Work to be completed: The following data is to be repeated exactly, its pictures excluded.

Provided material:
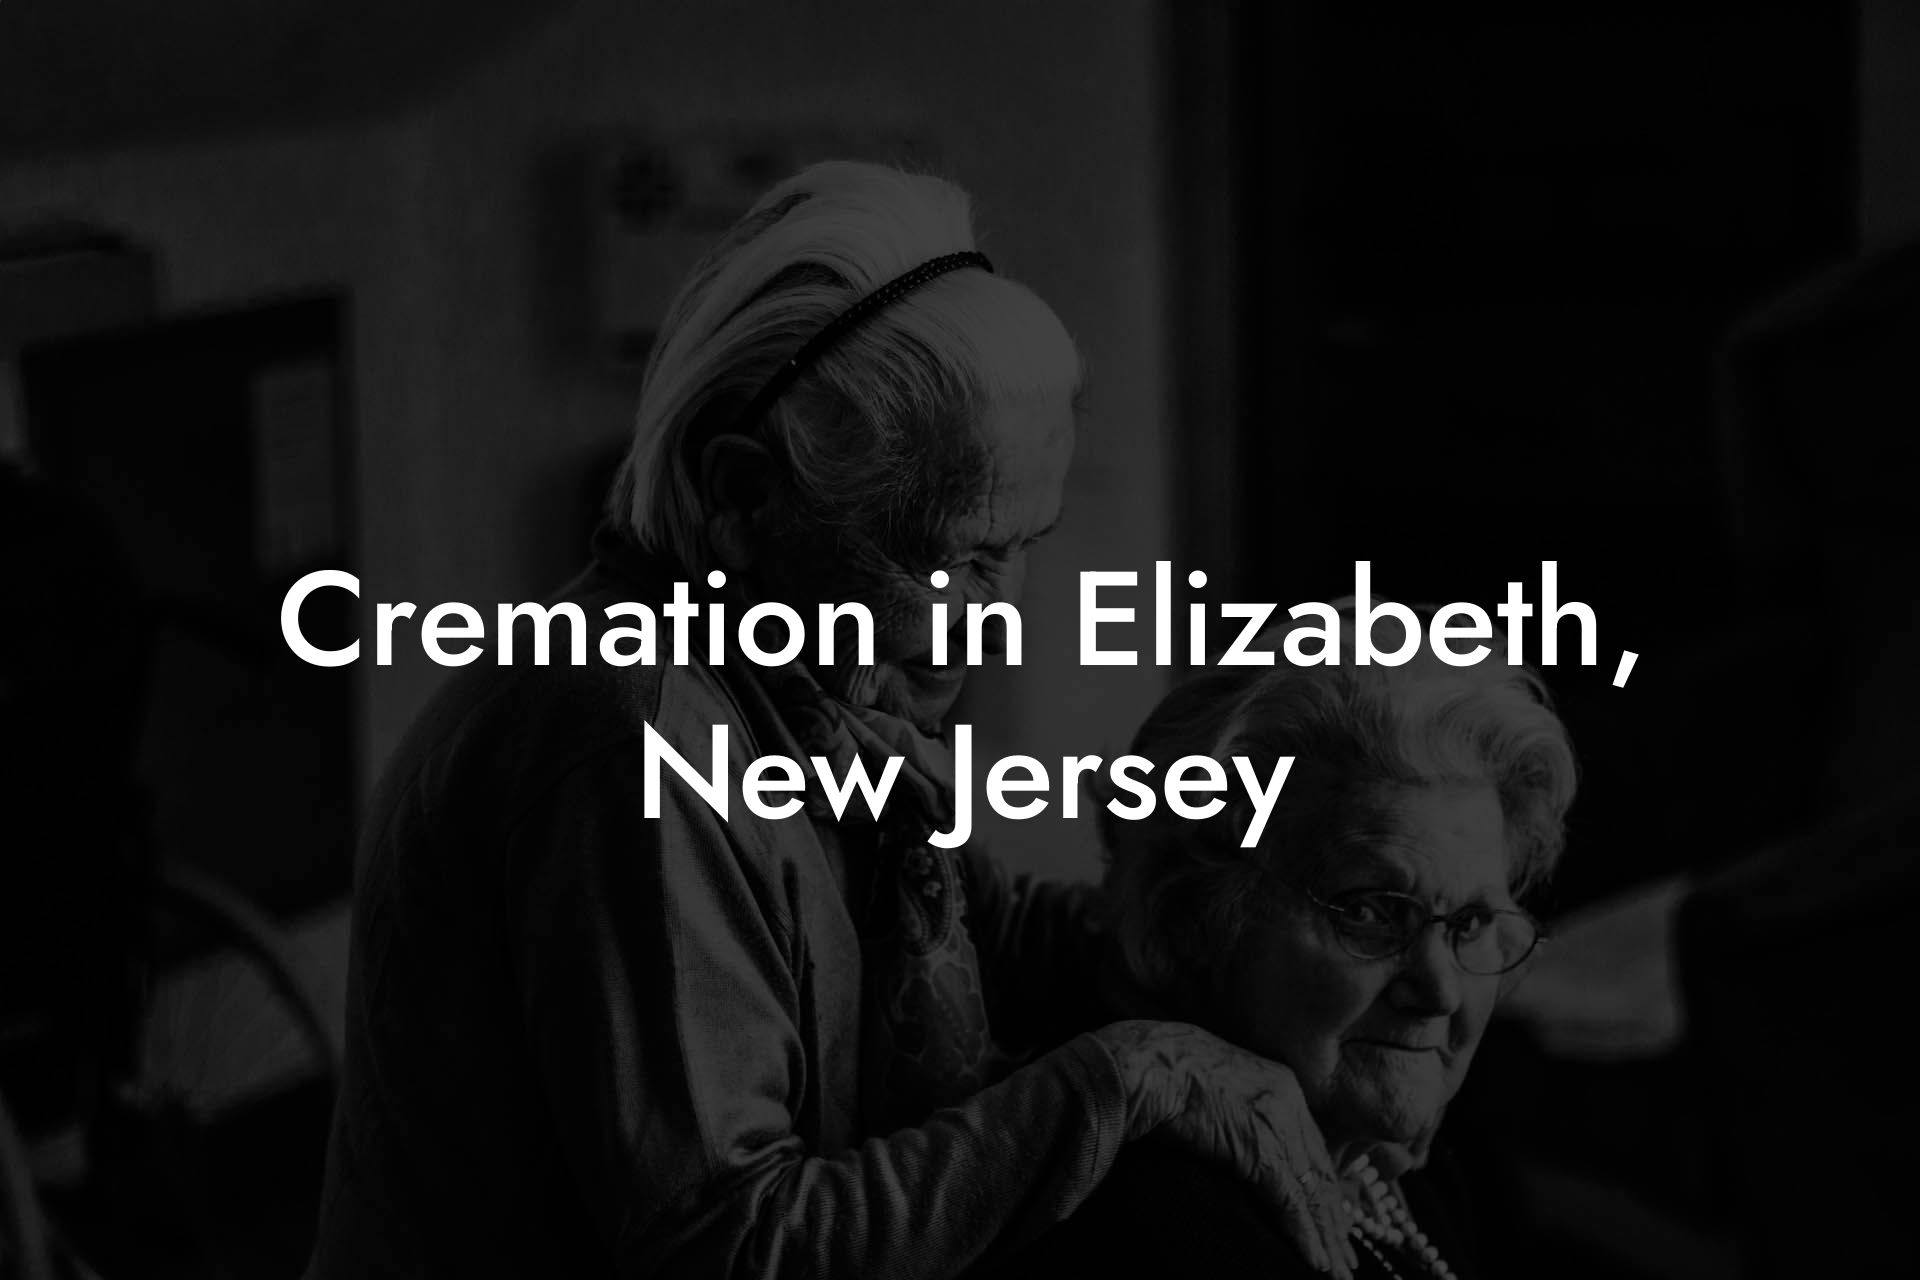 Cremation in Elizabeth, New Jersey
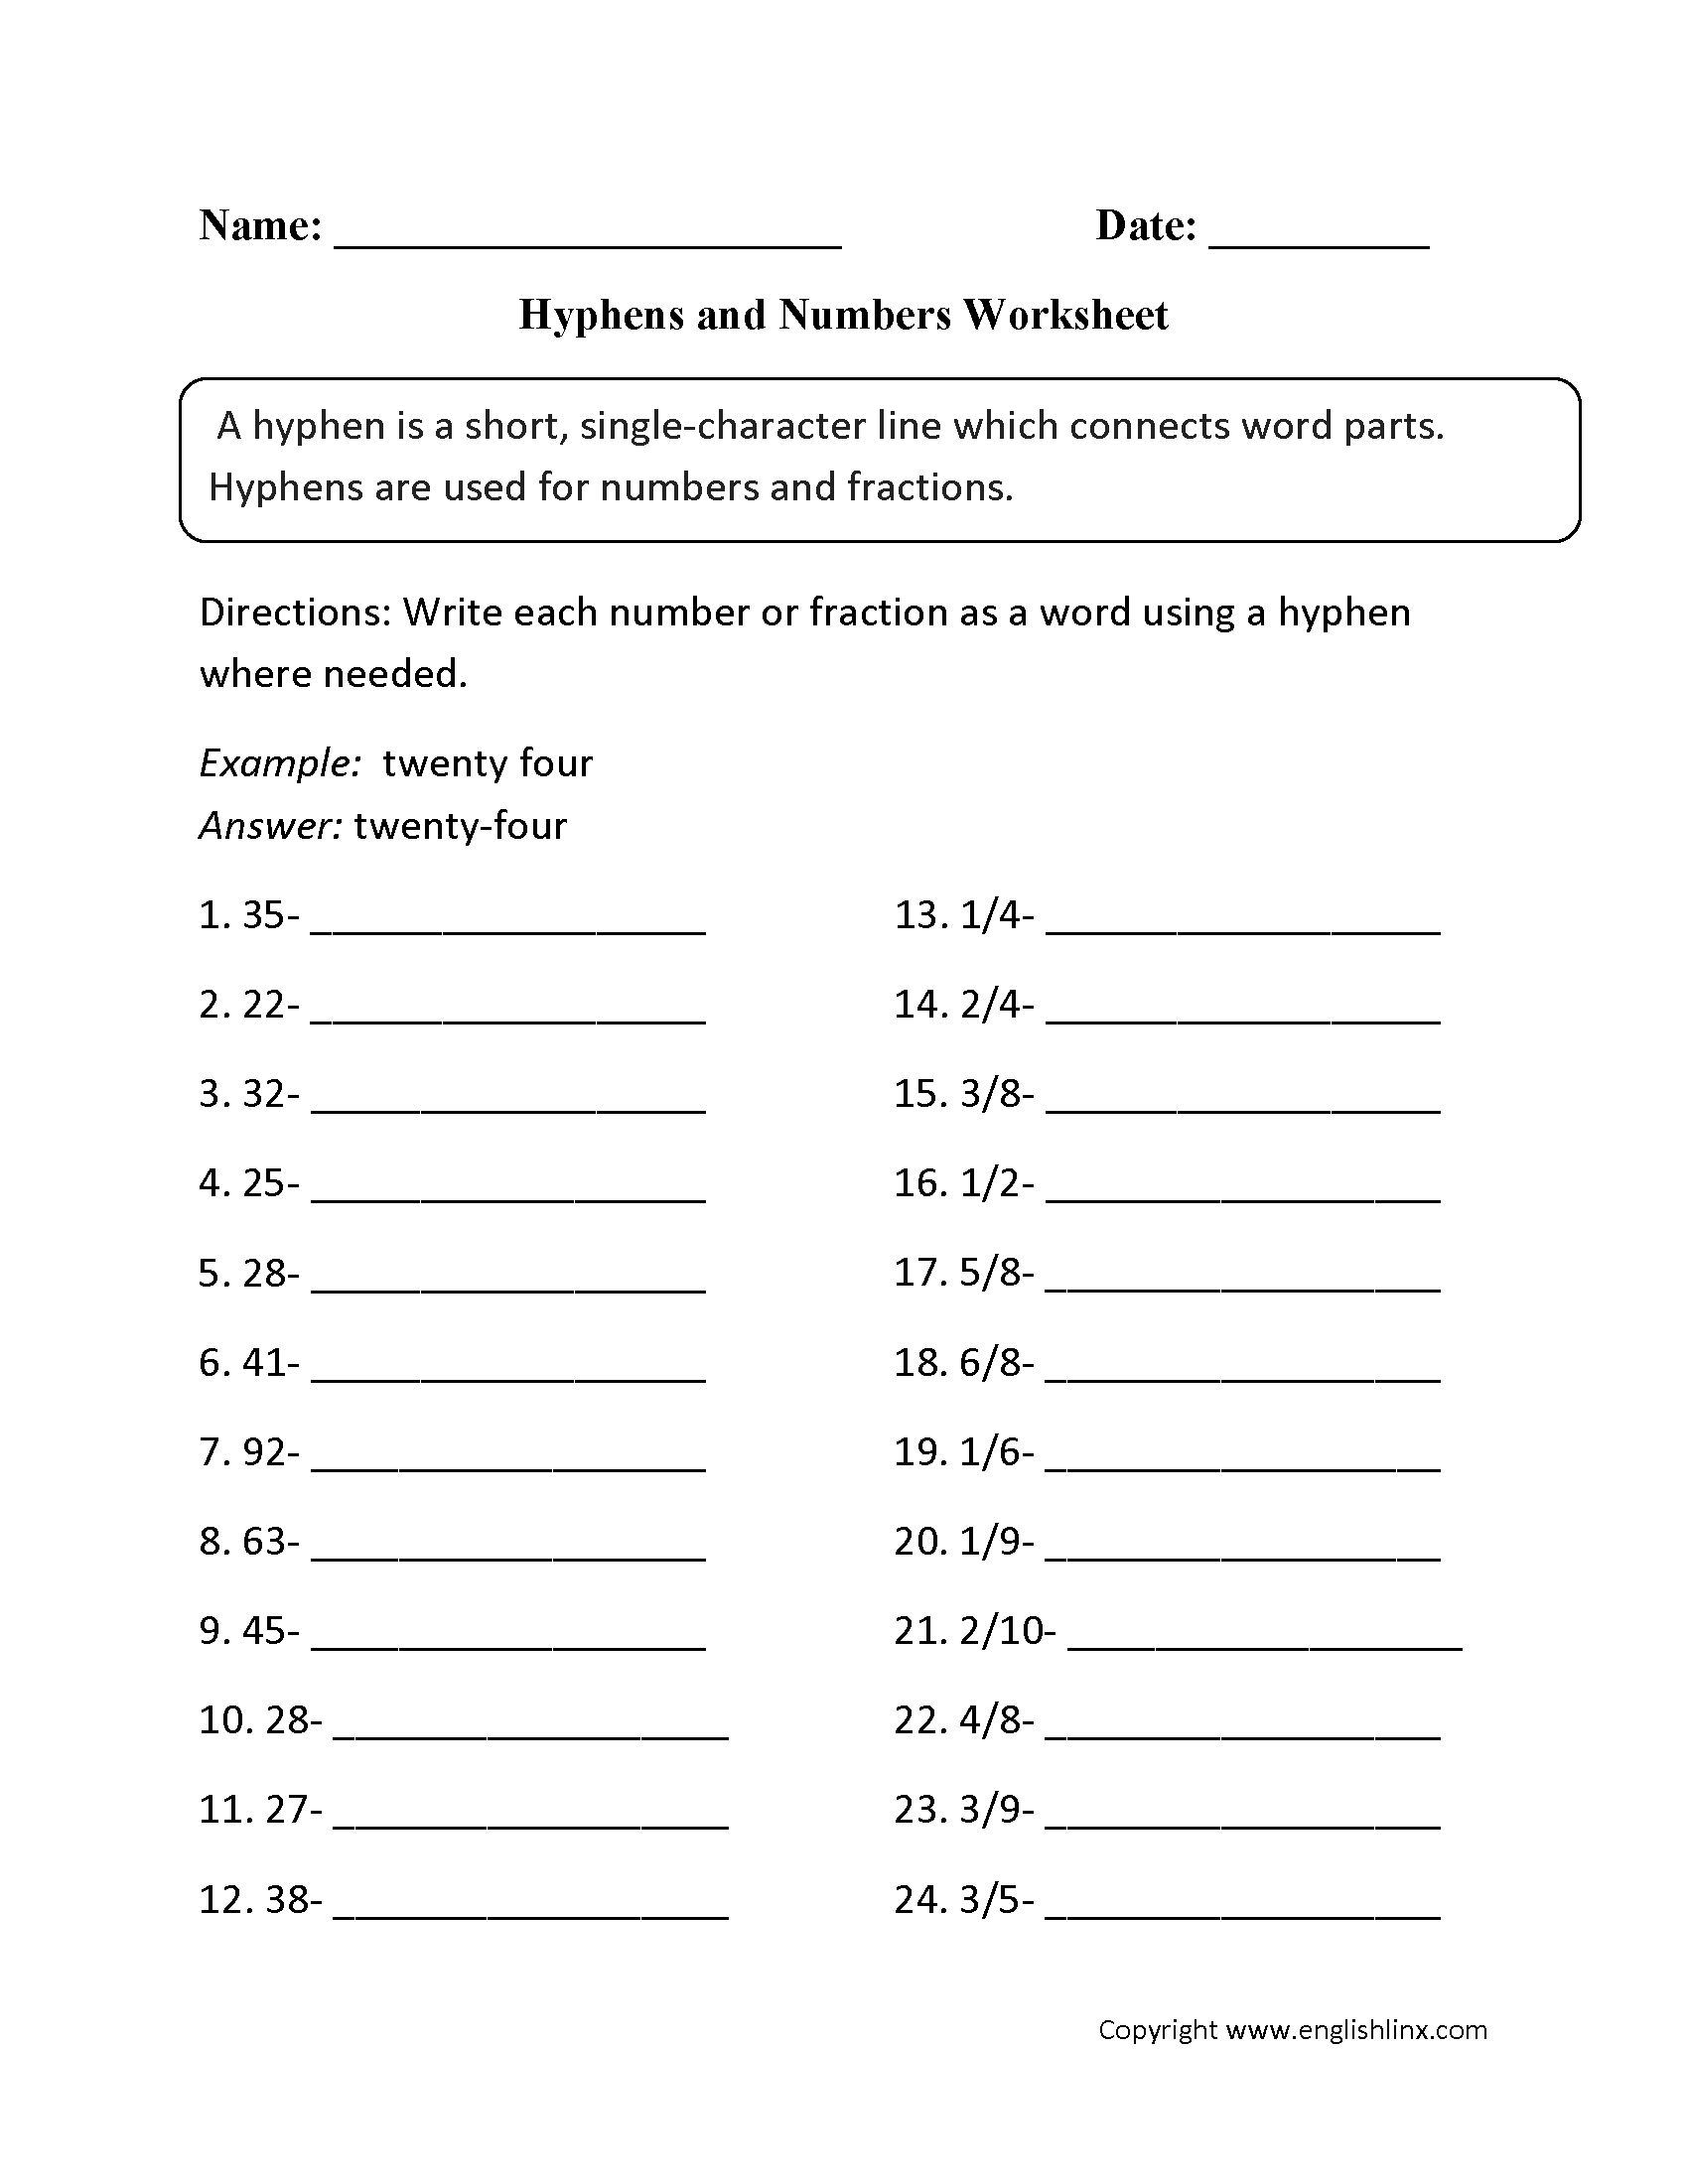 Hyphens and Numbers Worksheet
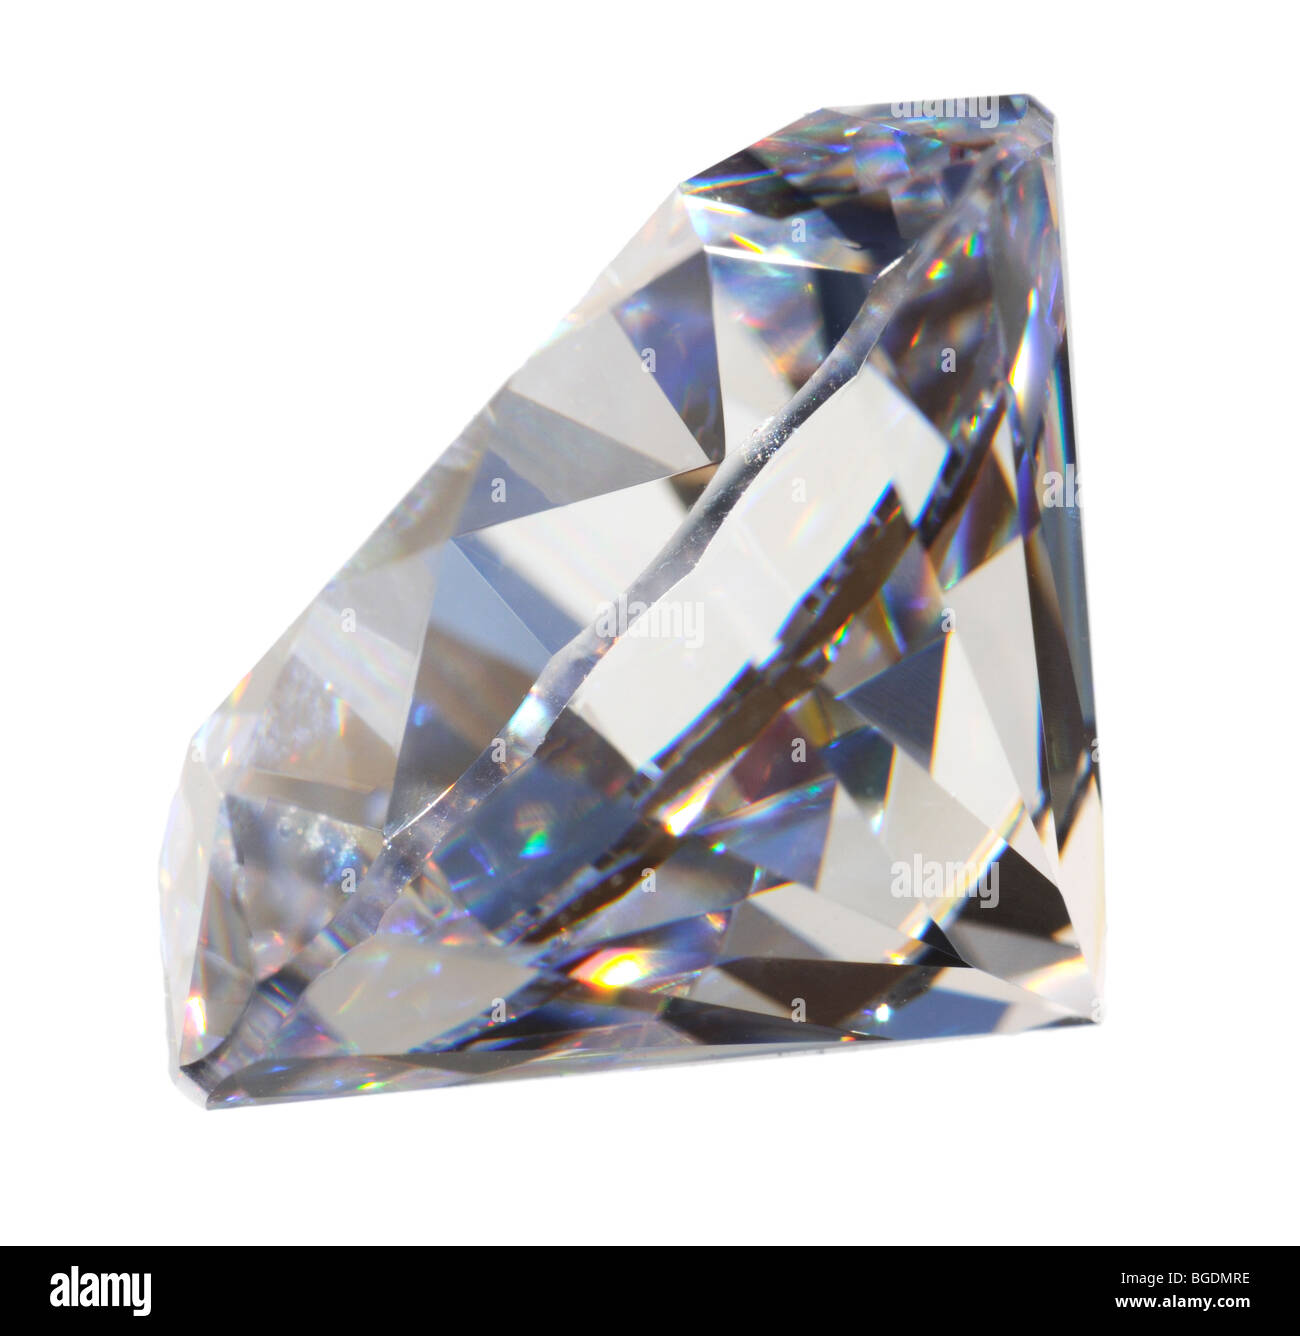 Round-cut diamond (synthetic - cubic zirconia) Stock Photo

Expected answer:
 Cremation in Elizabeth, New Jersey
 Hyphens and Numbers Worksheet
 Round-cut diamond (synthetic - cubic zirconia) Stock Photo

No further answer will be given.